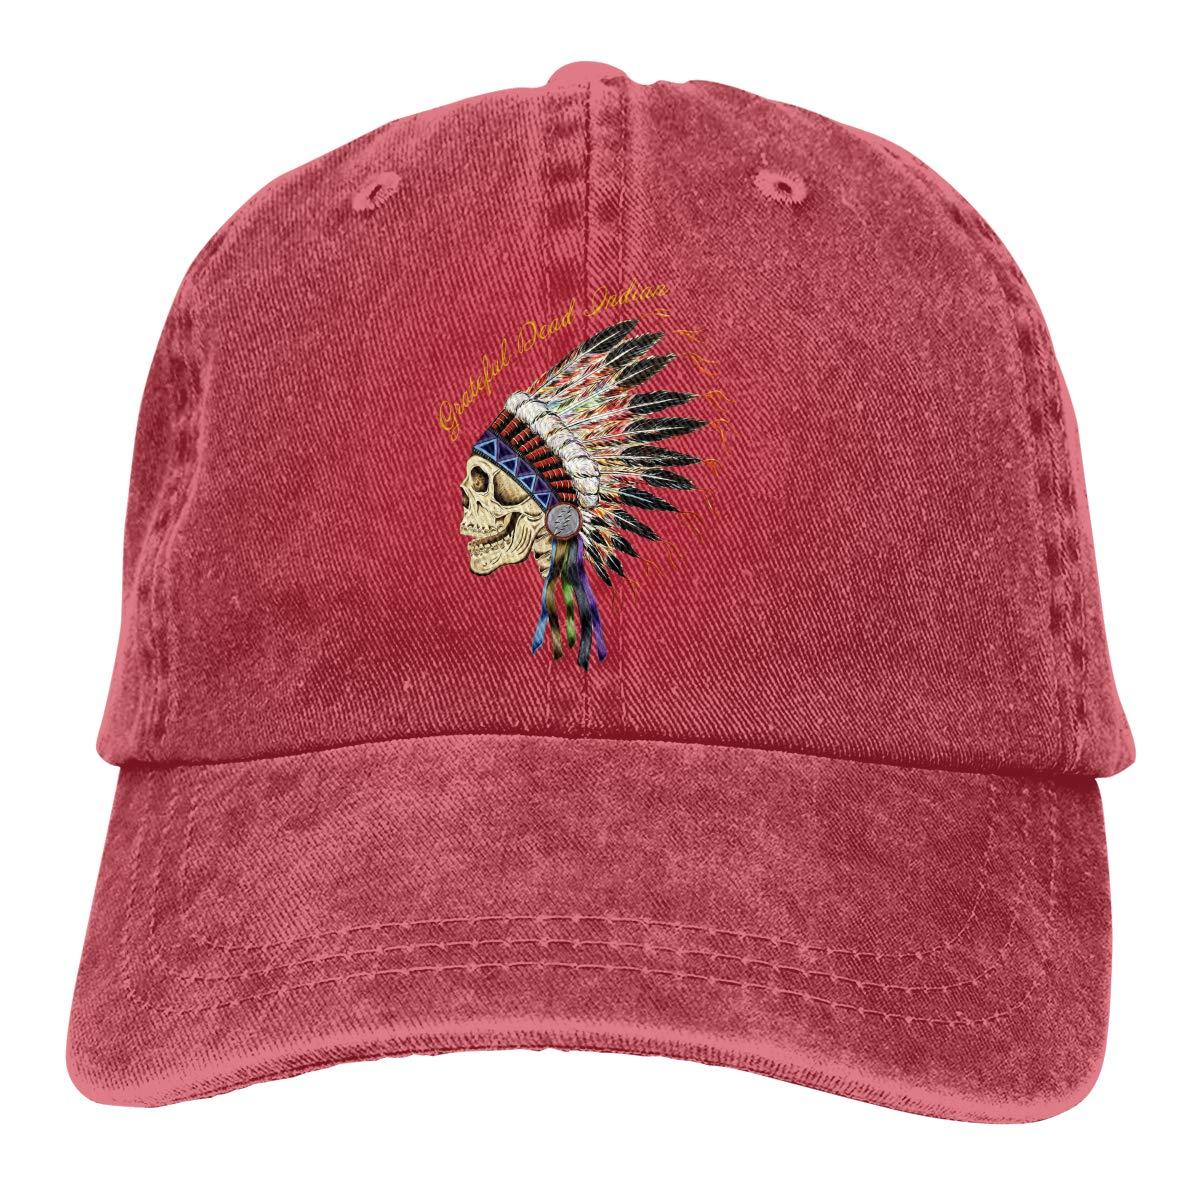 68db5e23494c9 Amerltees Grateful Dead Indian Unisex Vintage Washed Distressed Baseball-Cap  Twill Adjustable Dad-Hat Black at Amazon Men s Clothing store
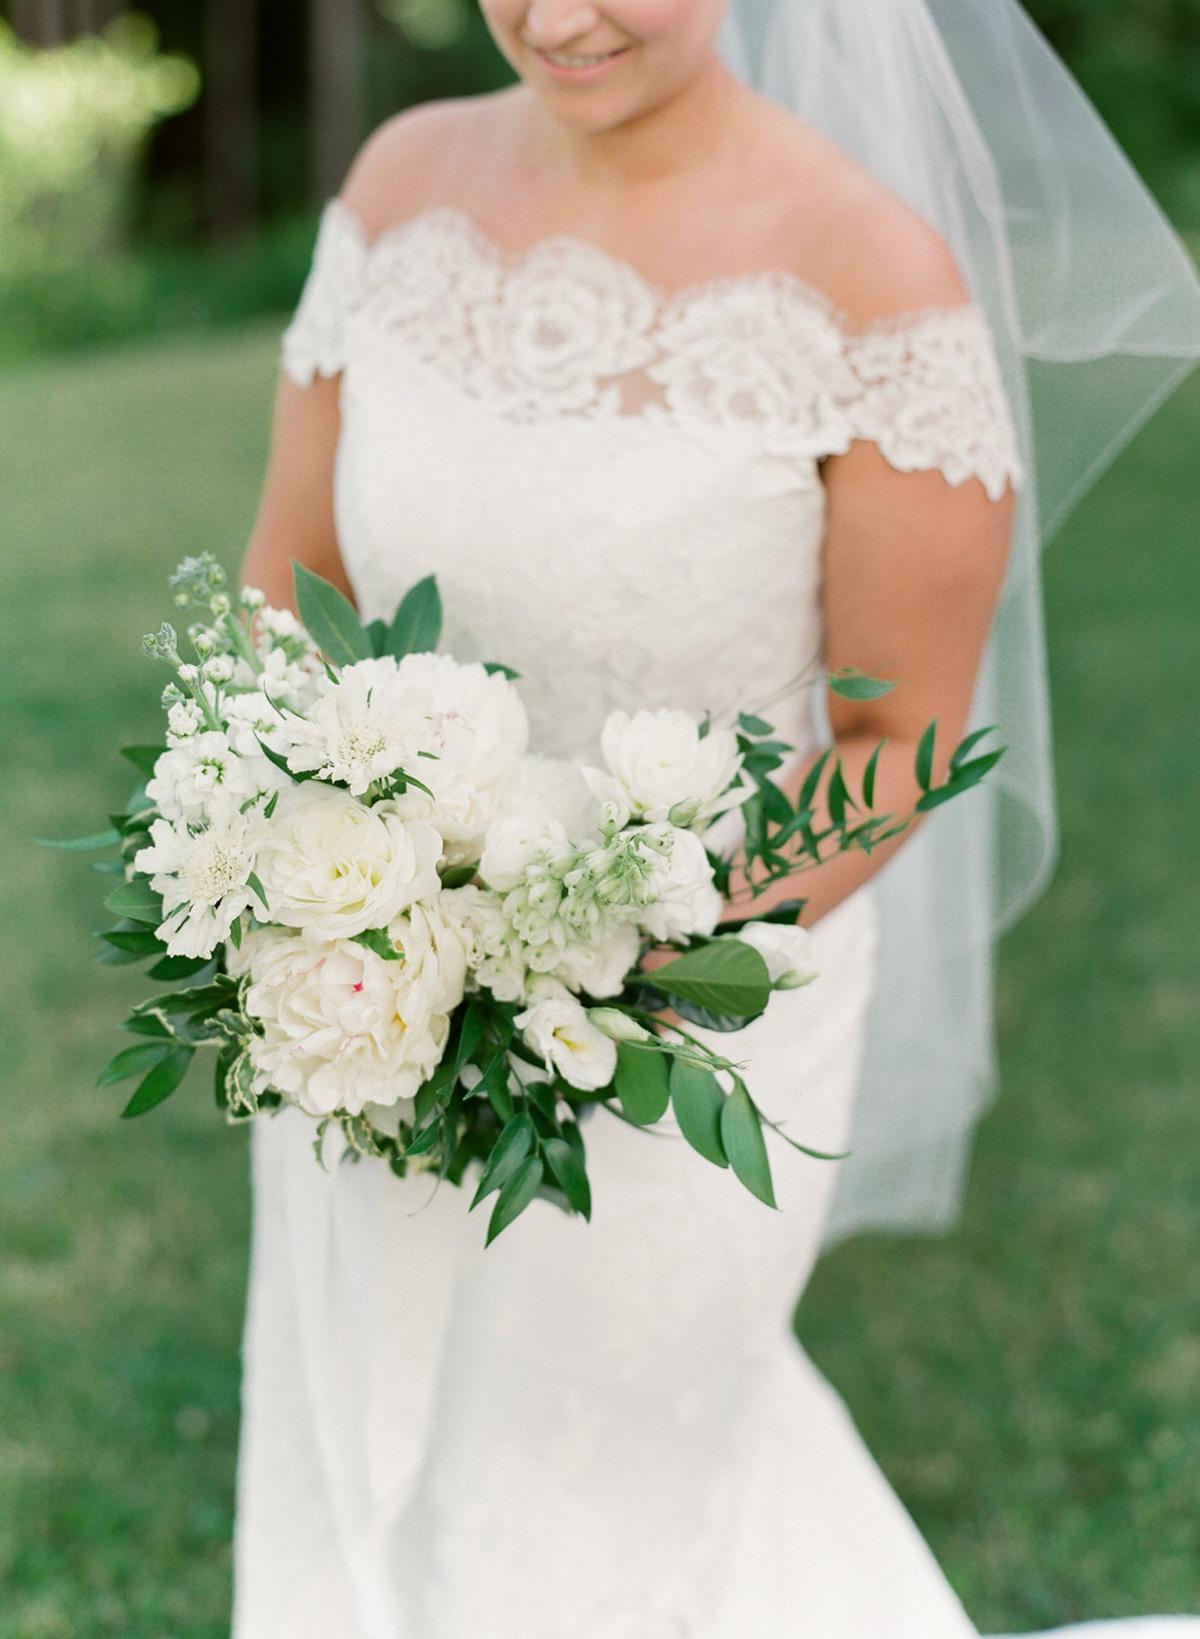 artiese-studios-vineyard-bride-swish-list-private-estate-cambridge-wedding-65.jpg
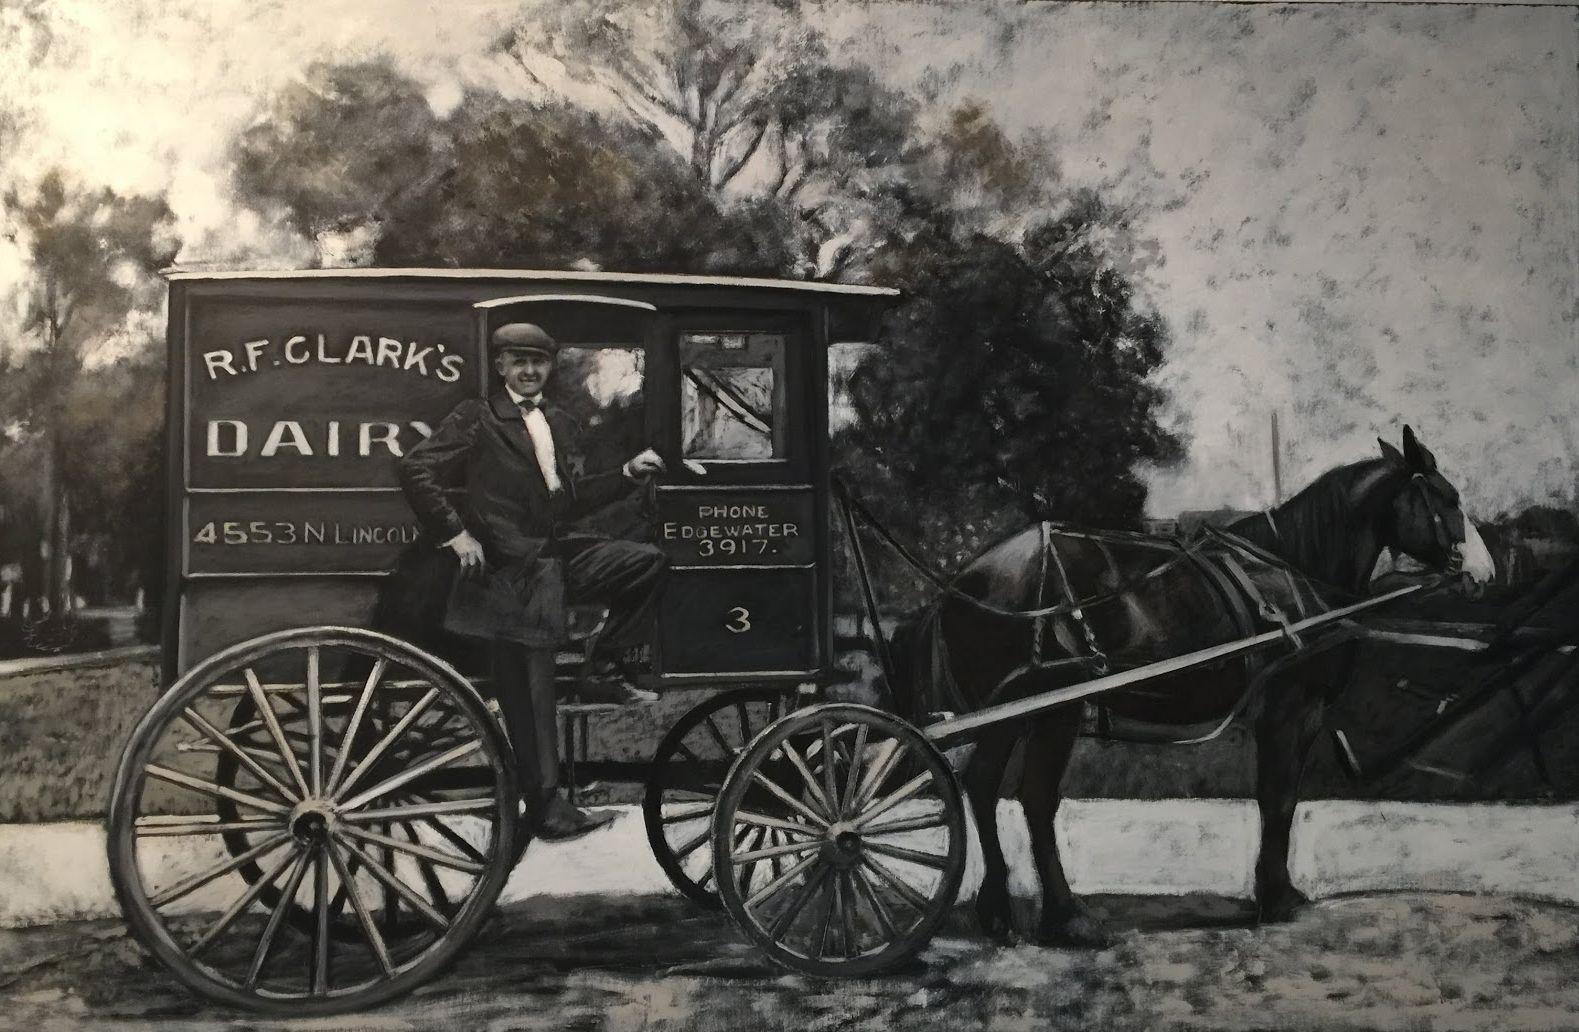 Robert F. Clark Dairy.jpg

· · · ·

# Work item:
Leaving out only the pictures, return the material above unchanged.

# Response to the exercise:
 68db5e23494c9 Amerltees Grateful Dead Indian Unisex Vintage Washed Distressed Baseball-Cap  Twill Adjustable Dad-Hat Black at Amazon Men s Clothing store
 artiese-studios-vineyard-bride-swish-list-private-estate-cambridge-wedding-65.jpg
 Robert F. Clark Dairy.jpg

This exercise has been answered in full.